Jesus goes on to develop what he has just said about time.  He says that if a man walks in the light, he will not stumble; but if he tries to walk in the night, he will stumble.

Jesus is saying that a man must finish the day’s work within the day, for the night comes when work is ended.  If a man had one wish it might well be that he might come to the end of each day with its work completed.  The unrest and the hurry of life are so often simply due to the fact that we are trying to catch up on work which should have been done before. 

No doubt the disciples were perplexed about several matters:

– If Jesus loved Lazarus, why did He permit him to get sick?

– Why did Jesus delay to go to the sisters?

– For that matter, why didn’t He heal Lazarus at a distance, as He did the nobleman’s son (4:43-54)

– The record makes it clear that there was a strong love relationship between Jesus and this family (11:3, 5, 36)

– Yet our Lord’s behavior seems to contradict this love?!
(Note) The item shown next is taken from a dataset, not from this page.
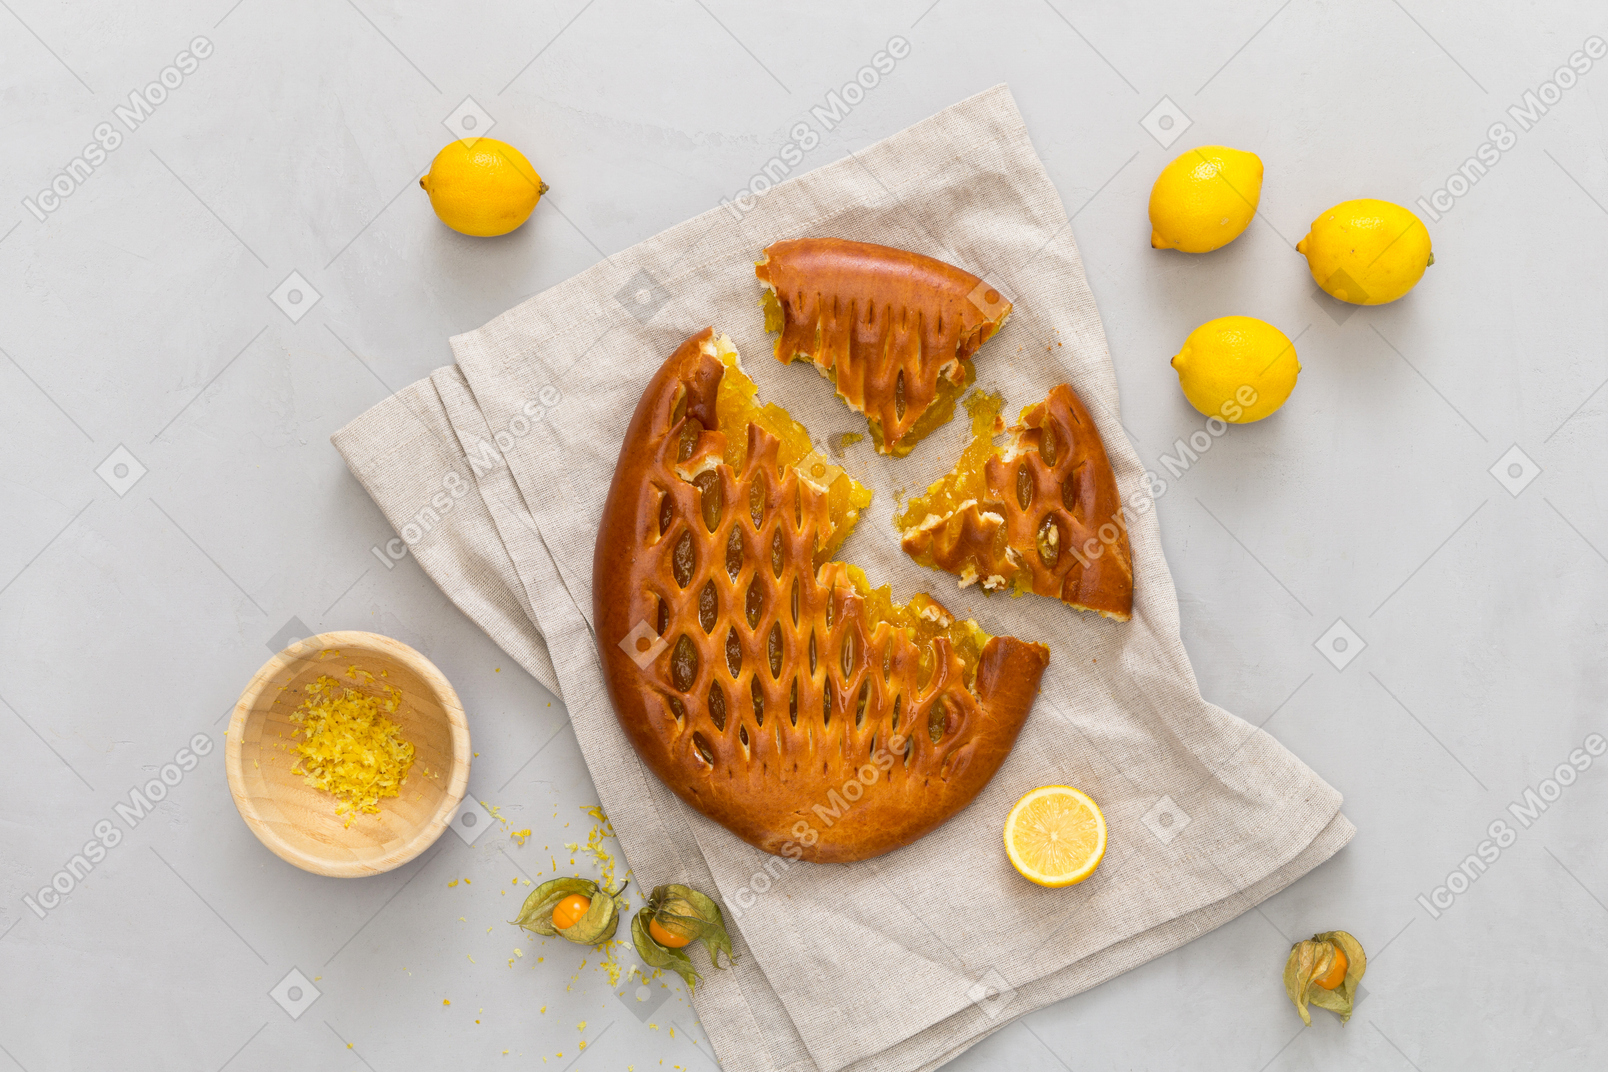 Lemon pie, lemons and lemon zest

To appreciate what these three meant to Jesus, ask yourself a simple question: if you had an emergency at 2:00 a.m., whom would you call? Jesus would have called these three close friends.

{13}“Jesus had been speaking of his death, but his disciples thought he meant natural sleep. {14} So then he told them plainly, “Lazarus is dead, {15} and for your sake I am glad I was not there, so that you may believe. But let us go to him.” {16} Then Thomas (called Didymus) said to the rest of the disciples, “Let us also go, that we may die with him.””

Jesus then tells His disciples that Lazarus has “fallen asleep,” and that He is going up to Bethany to “awaken” him. They eagerly take Jesus literally. They jump on this statement: “Well, if he’s asleep, then he’ll be okay, so we don’t have to go up to Bethany after all.”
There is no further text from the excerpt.